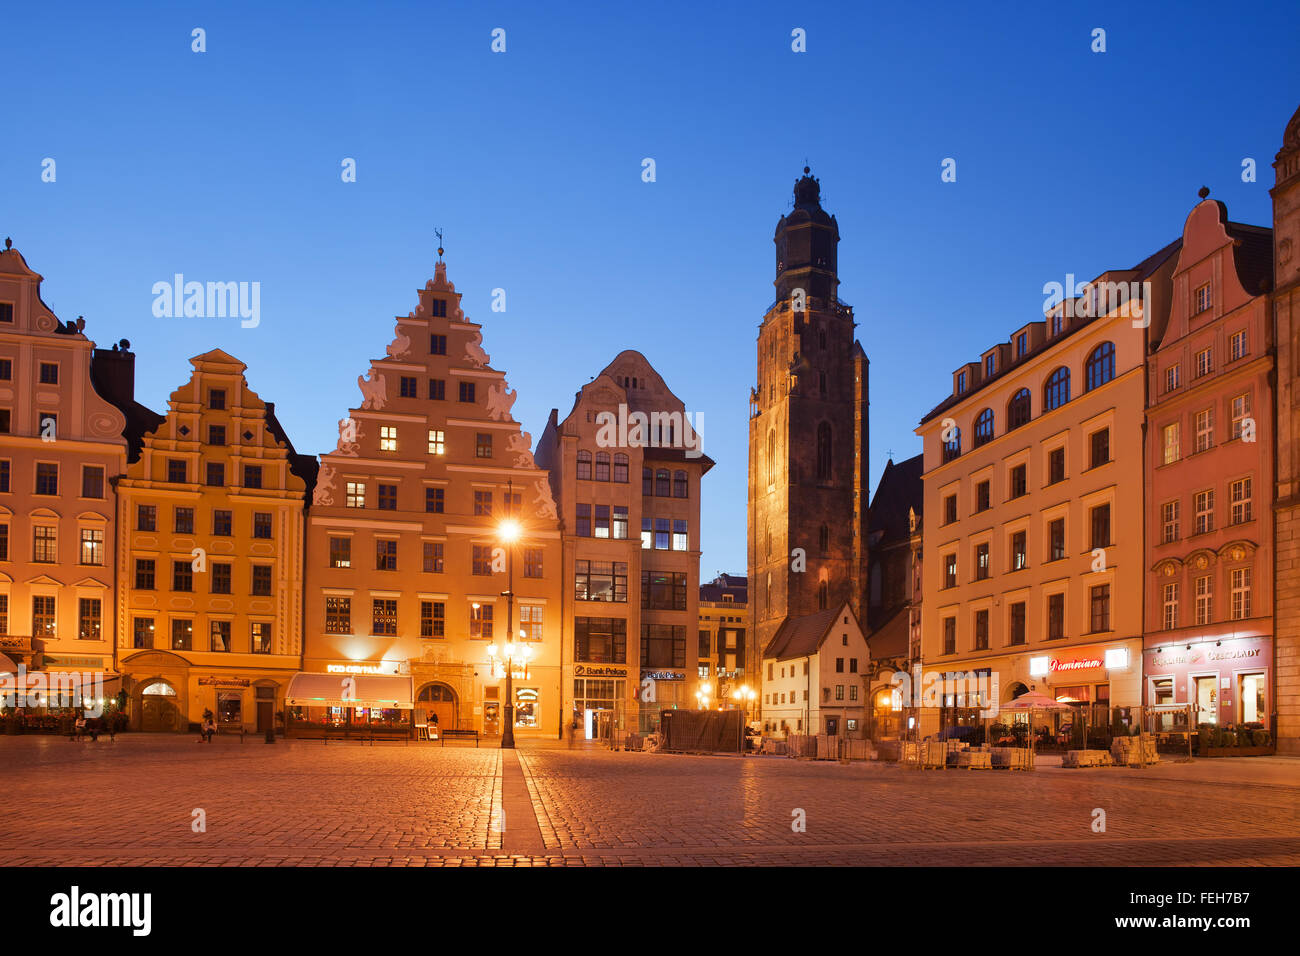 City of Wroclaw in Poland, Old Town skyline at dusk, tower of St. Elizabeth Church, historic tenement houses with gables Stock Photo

□ □ □ □ □

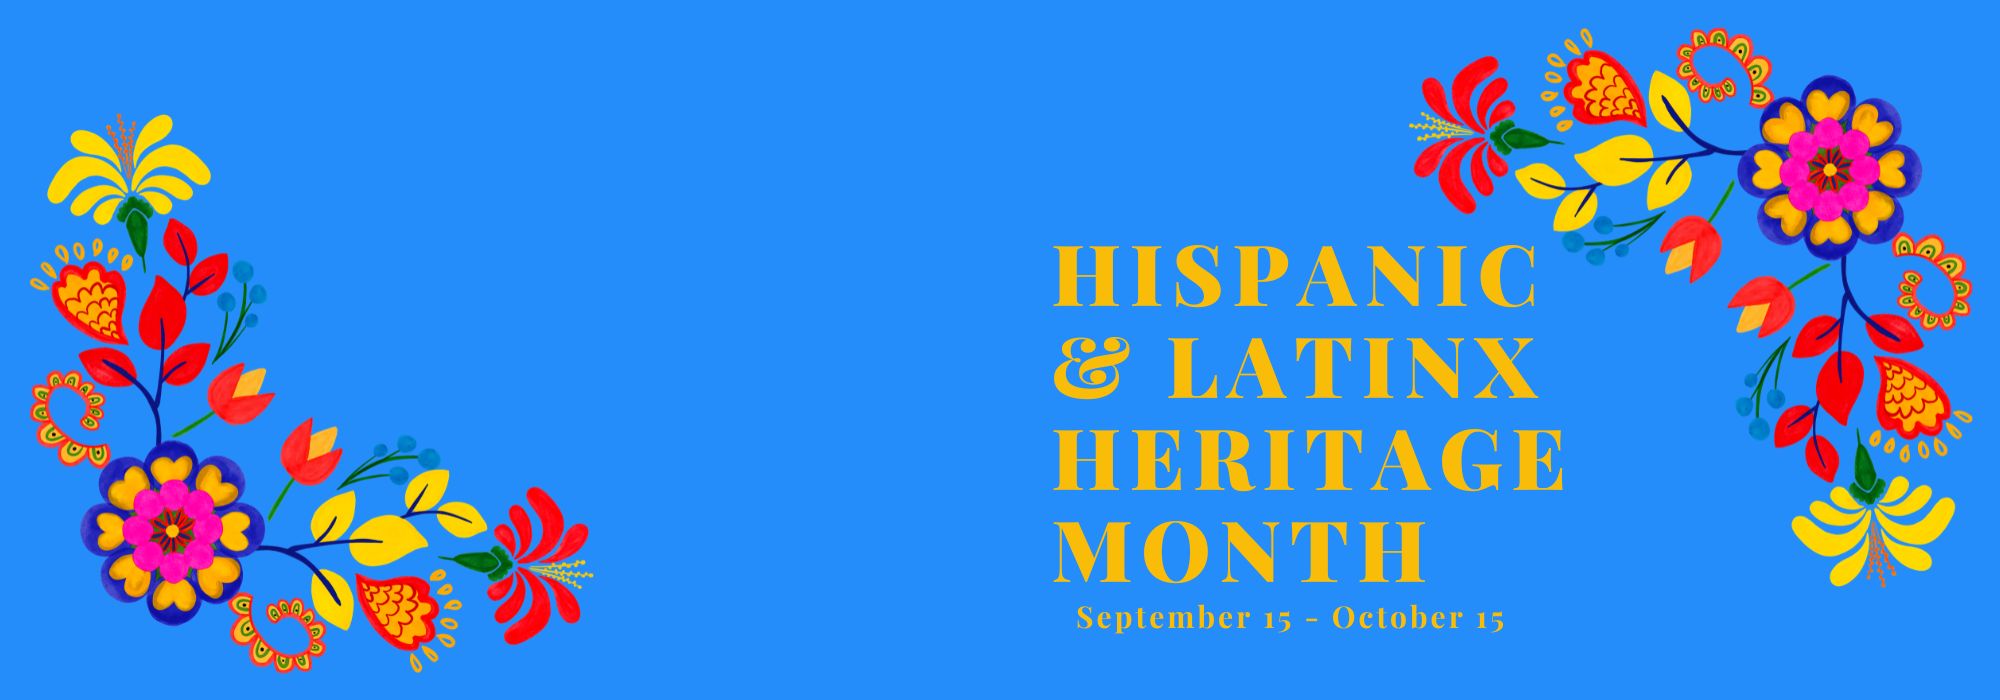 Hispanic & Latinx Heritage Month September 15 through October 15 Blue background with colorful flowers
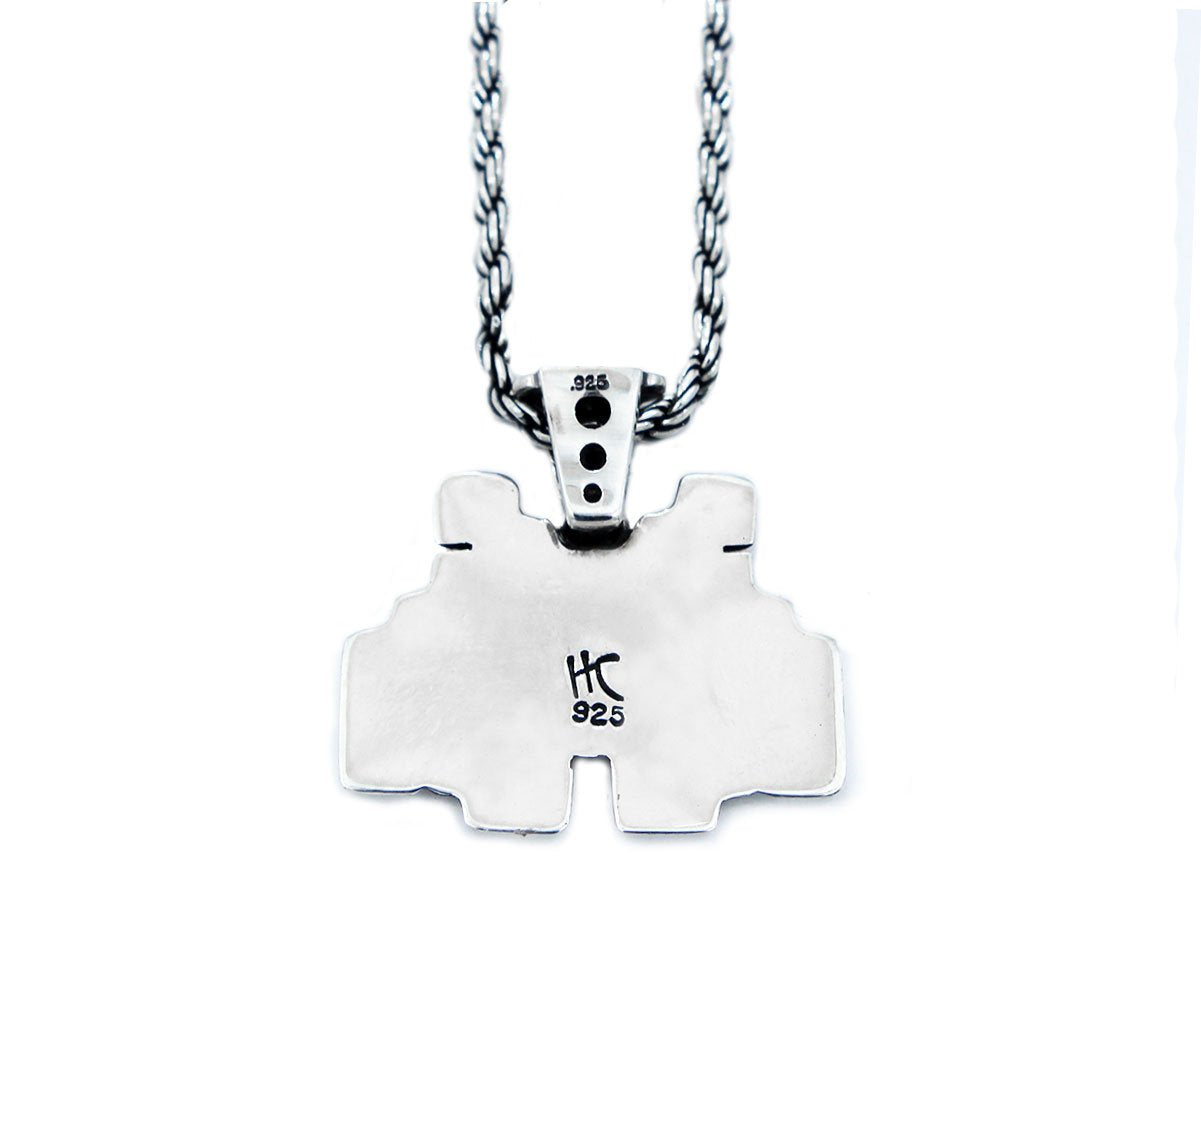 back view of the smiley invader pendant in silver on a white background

□ □ □ □ □

Please repeat, exactly as written, the lines in the records above, starting with the one that has "Hispanic & Latinx" and going on through the one that has "back view of". Pictures are to be left out.

*Answer space:*
 Hispanic & Latinx Heritage Month September 15 through October 15 Blue background with colorful flowers
 back view of the smiley invader pendant in silver on a white background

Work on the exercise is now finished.